Monday, June 16th, 2008

Shredded PaperI get a lot of questions from people asking me what the difference is between cross cut, diamond cut, particle cut and confetti cut paper shredders. The short and quick answer is that there is not really any difference between the various synonyms. The original and probably more correct terminology for paper cut in a criss-cross pattern is cross cut.

Cross cut is a generalized word that can be used to cover all the various shredding terms. Diamond cut paper shredders typically cut paper into very tiny diamond-shaped particles, but this is still referred to as a cross cut paper shredder. The same goes with confetti cut. Confetti cut shredders, which produce very skinny 1 to 2-inch long strips is also a type of cross cut shredder.

Cross cut is even spelled differently, depending on who you talk to. I have seen it spelled both cross cut and crosscut. Ultimately there really is no wrong answer, but you’ll probably confuse fewer people if you stick to using “cross cut” when referring to this type of shredder.

Shredded PaperCross cut shredders cut paper into various sizes and lengths. The different cut patterns are referred to as “security levels,” sometimes referred to as DIN 32757 (the official definitions). The higher the security level, the more secure your shredded information will be.
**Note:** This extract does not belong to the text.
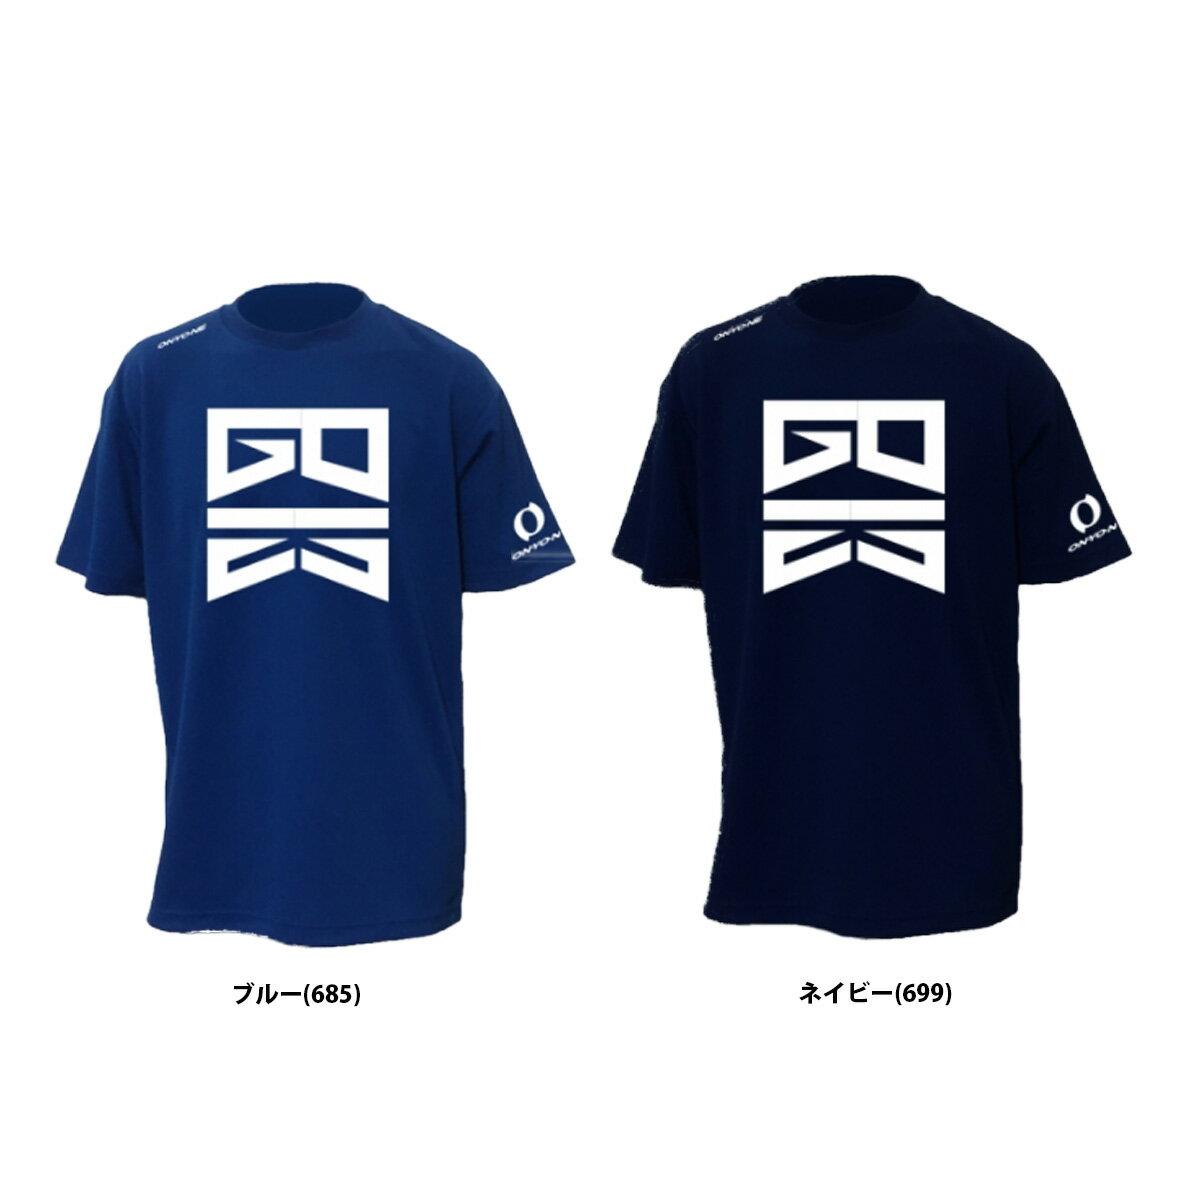 【あす楽対応】 オンヨネ 限定 筒香 嘉智 ONYONE コラボ グッズ ビッグロゴ Tシャツ 半袖 OKJ99G03 ウェア ウエア トレ-ニング 夏 野球用品 スワロースポーツ
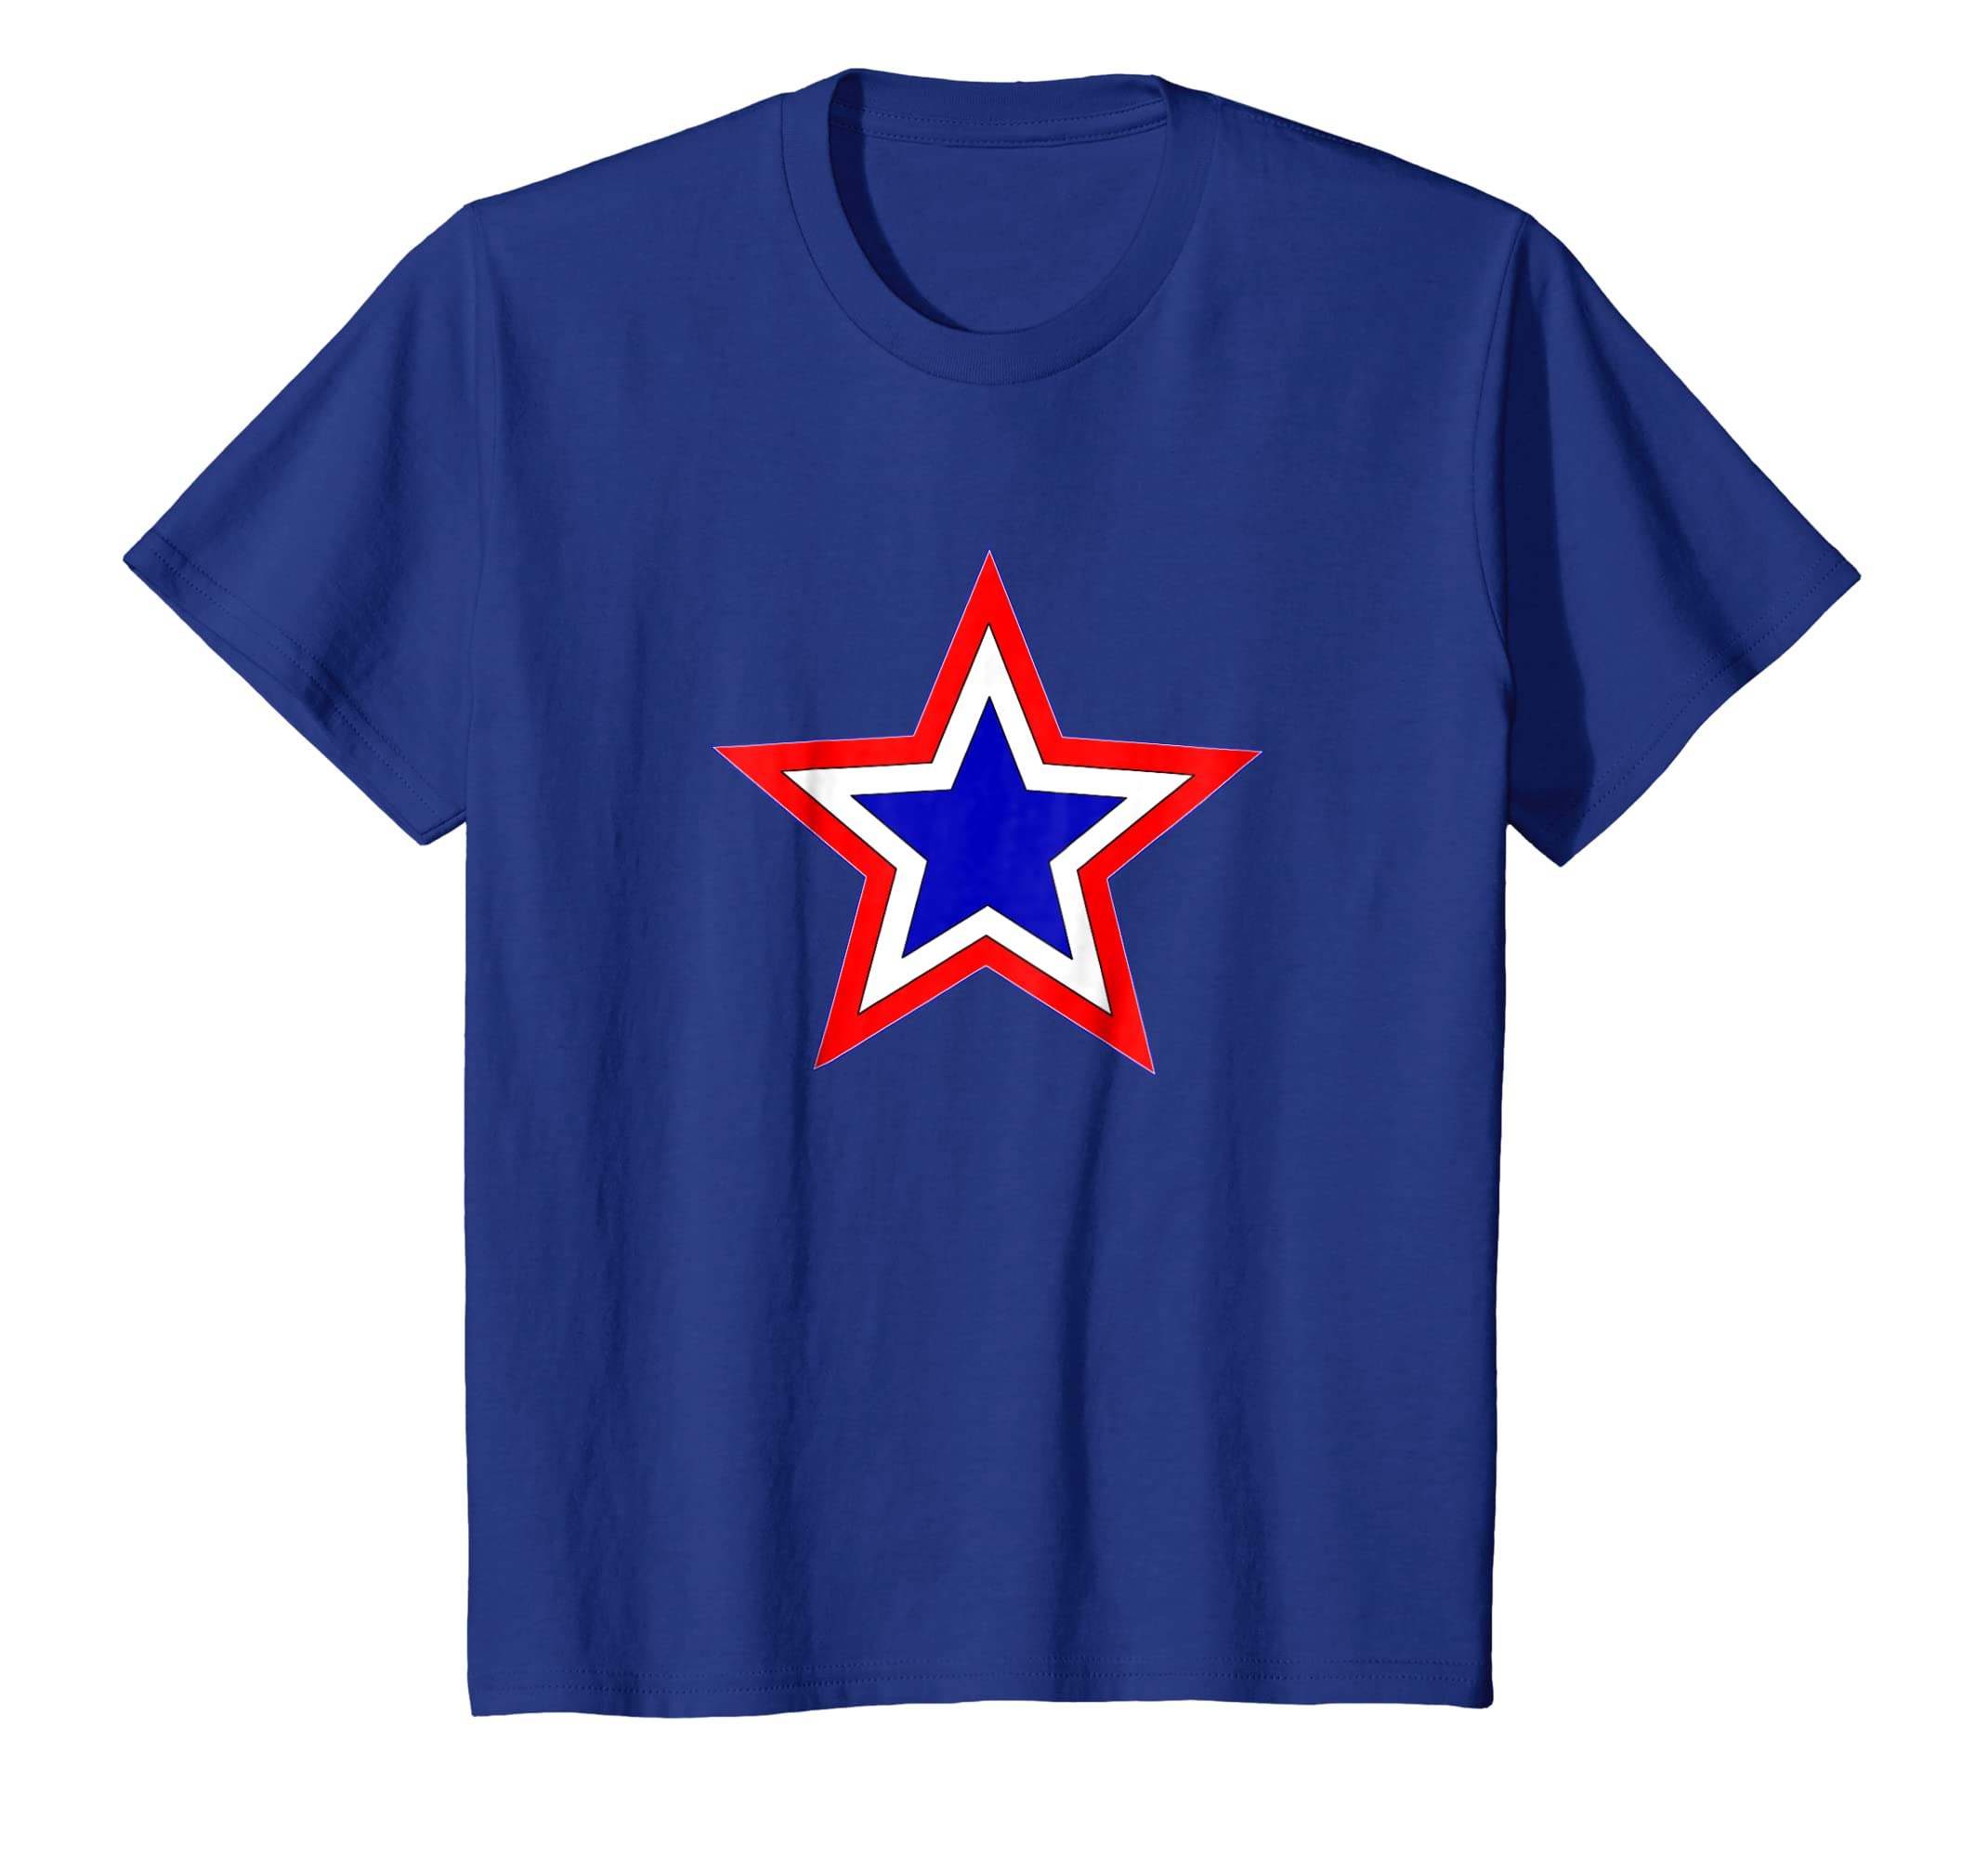 3e9849de4ff5 Amazon.com: Red White and Blue Stars T-shirt: Clothing

The highest security level currently available is security level 6, which is almost dust. This security level is used by the military and government for top secret shredding. While most people will not need shredder security level that high, I wouldn’t recommend going with anything under a security level 3 if you can help it.

You can see detailed specifications on all paper shredder security levels by going here:

What’s a mil and how does it apply to lamination?

Thursday, June 12th, 2008

LaminatorsWhen looking for lamination film, you have probably noticed the term mil come up. Lamination film is often available in 1.5, 3, 5, 7 and 10-mil thickness. Logically it would seem the higher the number the thicker the film. That would be correct. But what does the term mil stand for?

Mil comes from the Latin mille, which means a thousand. One mil, in lamination measurement terms, is a thousandth of an inch. Your standard credit card is 30-mils thick, which equals out to be 0.03-inches thick.

If you like to use pouch laminators, you may think that a 10-mil pouch is 0.010 inches thick. That would be incorrect. It is a bit of a trick question. Lamination pouches, when labeled 3, 5, 7 or 10 mils thick, are actually referring to one side of the lamination pouch (total of two sides). Combining both sides of the lamination pouch, the thickness is doubled. A 10 mil lamination pouch is actually a total of 20 mils thick once laminated, not counting the paper, photograph or card being laminated.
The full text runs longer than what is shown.